Exclude the images, then return every line below exactly as written.
** Opening DATASET EXTRACT block **
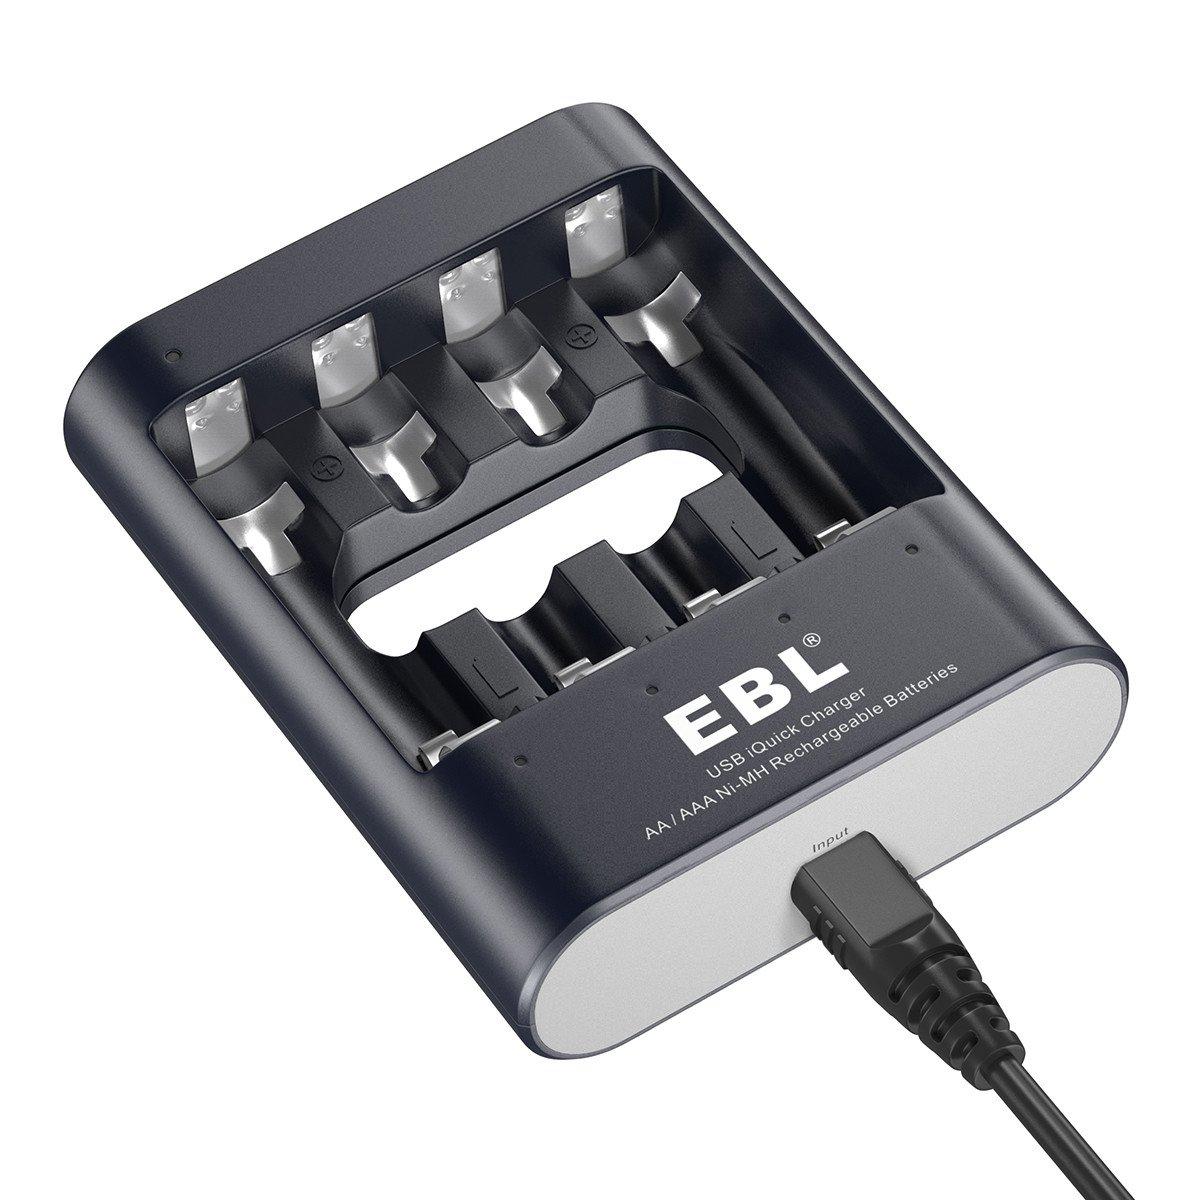 EBL U421 Quick Charger Cargador de Baterías con 4 Ranuras para Pilas Recargables del Tipo AA AAA para Ni-MH
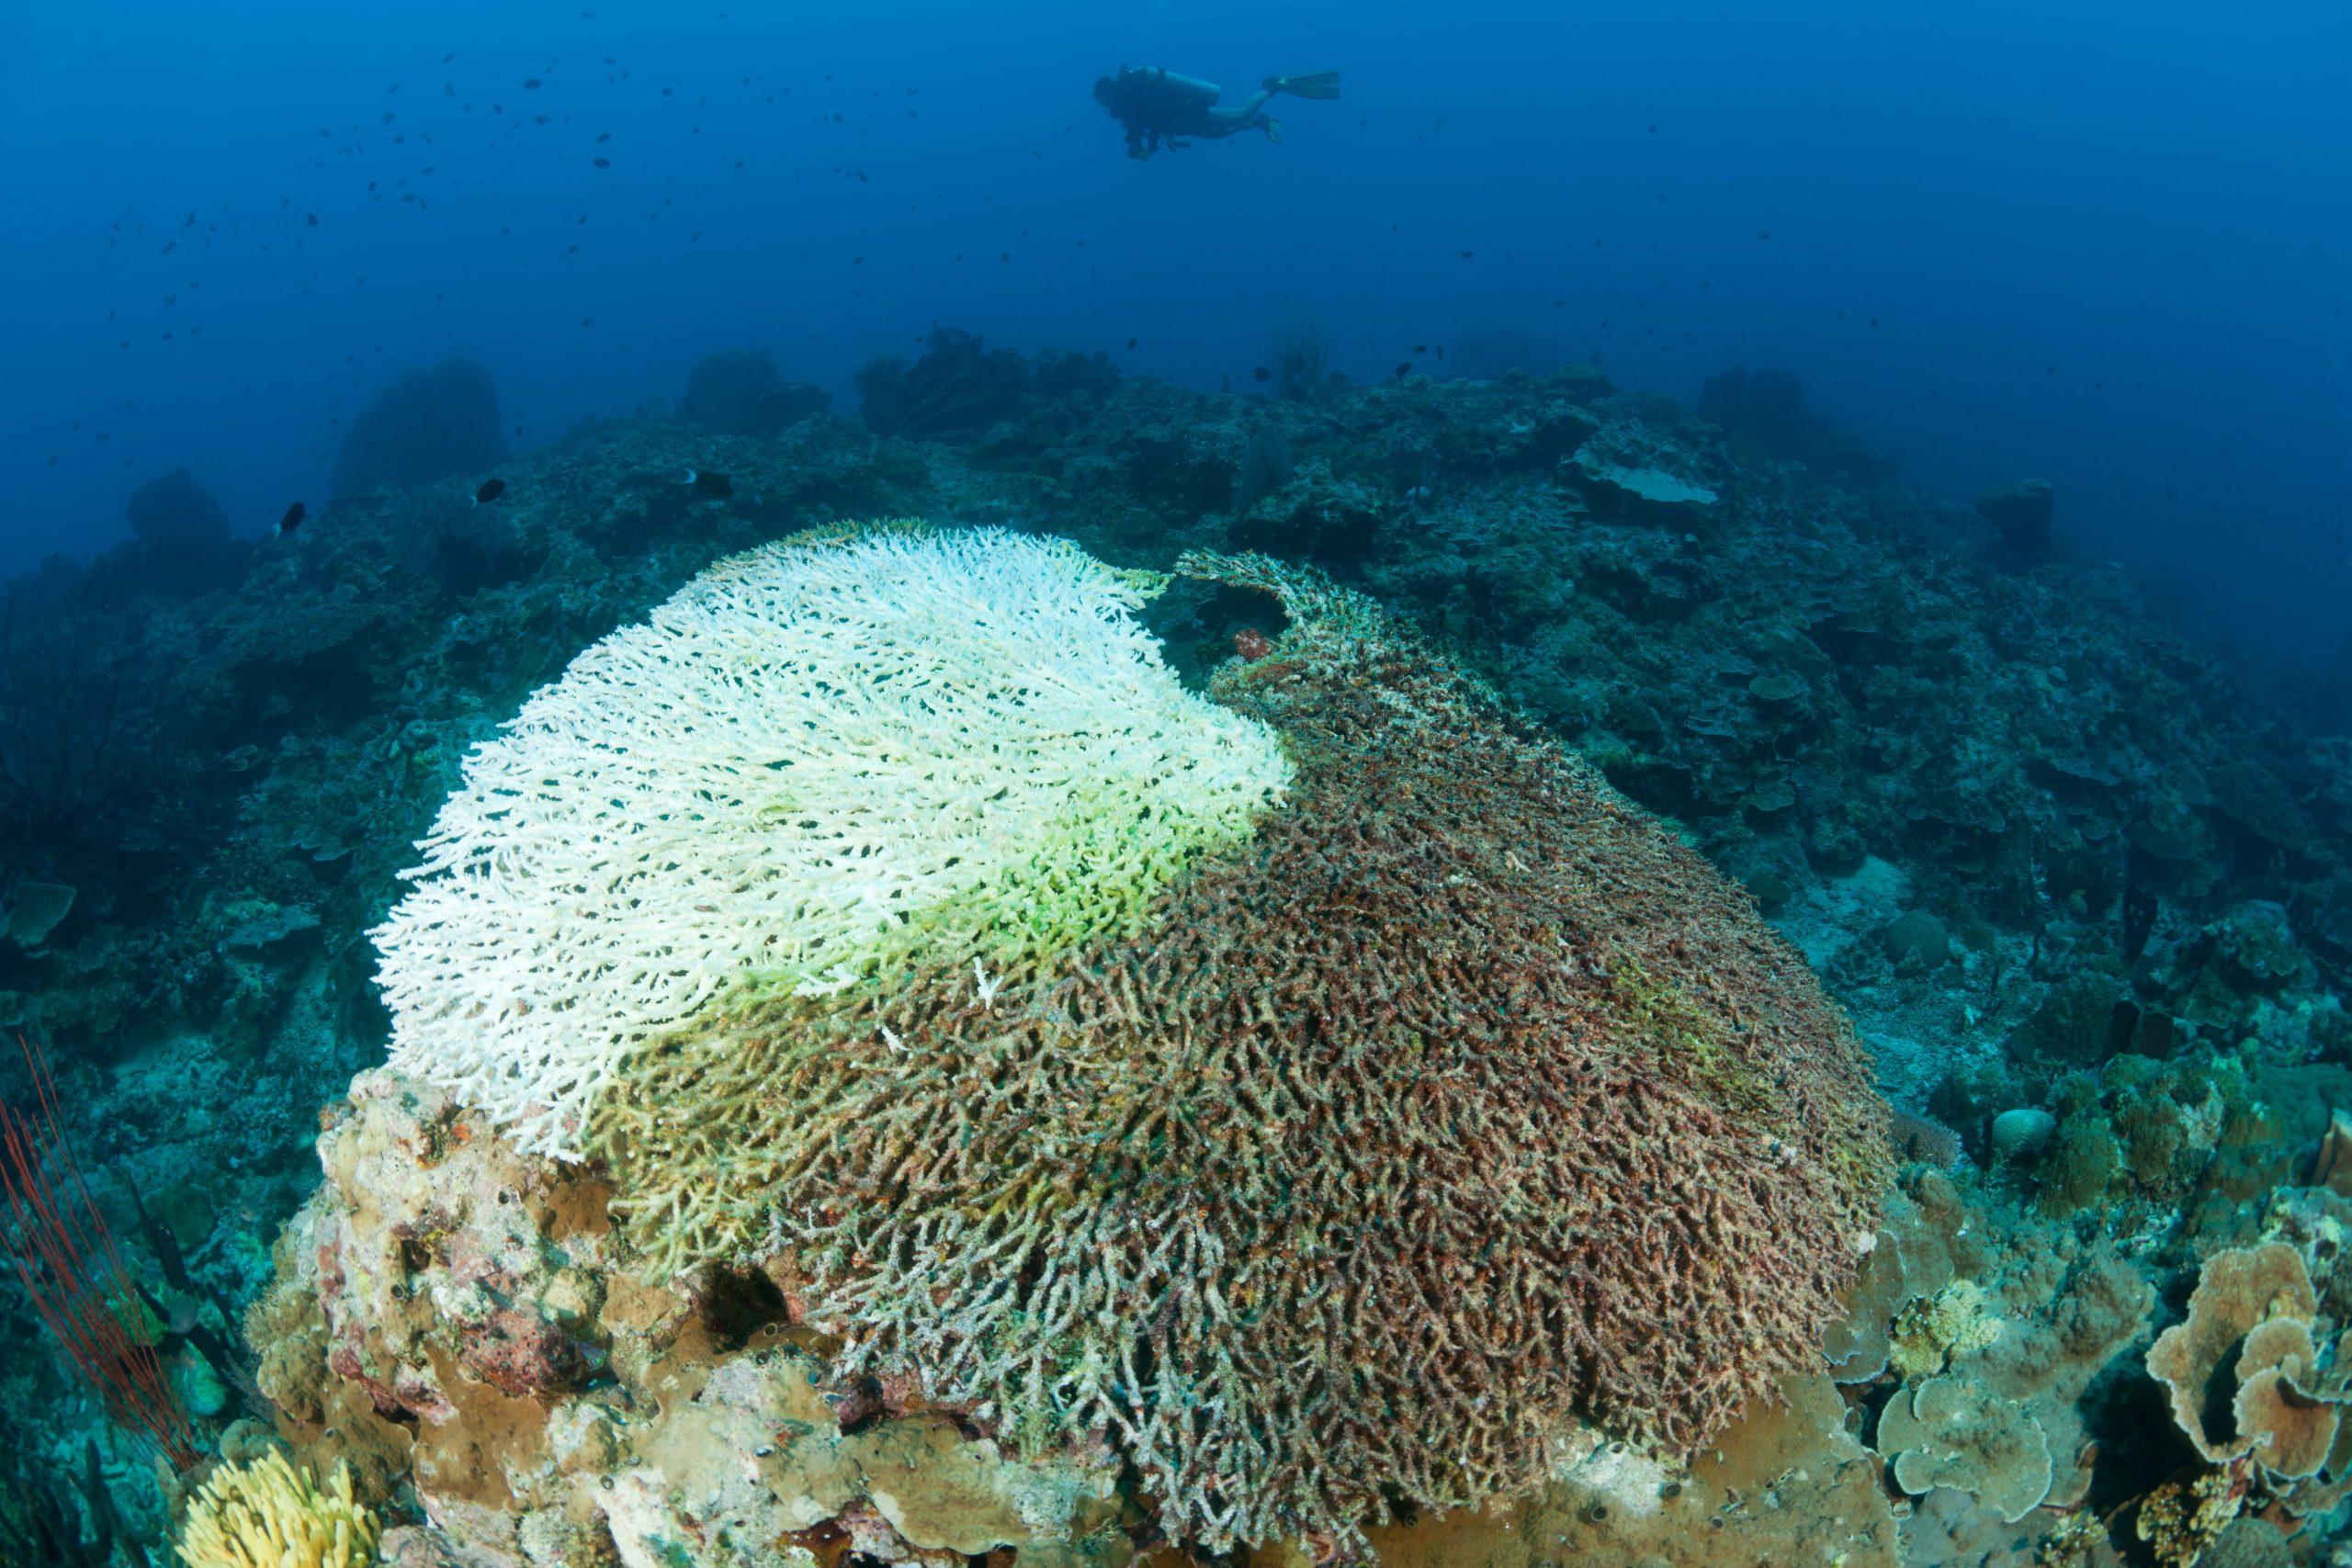 Teilweise ausgebleichte Koralle
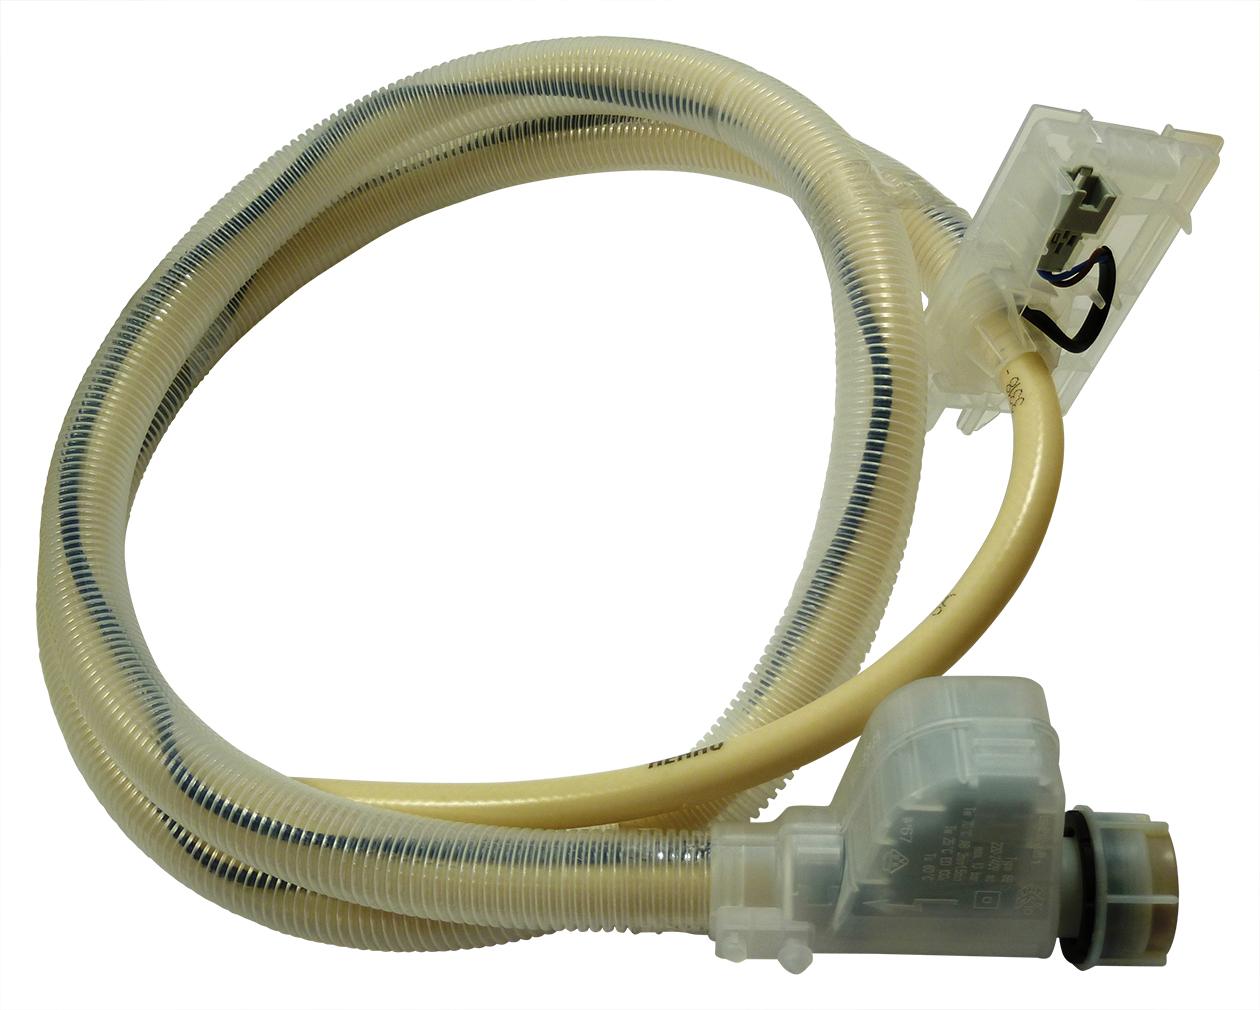 Aquastop Schlauch Siemens : aquastop schlauch bitron type88 siemens bosch sp lmaschine 00668113 668113 top ebay ~ Yuntae.com Dekorationen Ideen
** Closing DATASET EXTRACT block **
=== RESULT BELOW ===
 EBL U421 Quick Charger Cargador de Baterías con 4 Ranuras para Pilas Recargables del Tipo AA AAA para Ni-MH
 Teilweise ausgebleichte Koralle
 Aquastop Schlauch Siemens : aquastop schlauch bitron type88 siemens bosch sp lmaschine 00668113 668113 top ebay ~ Yuntae.com Dekorationen Ideen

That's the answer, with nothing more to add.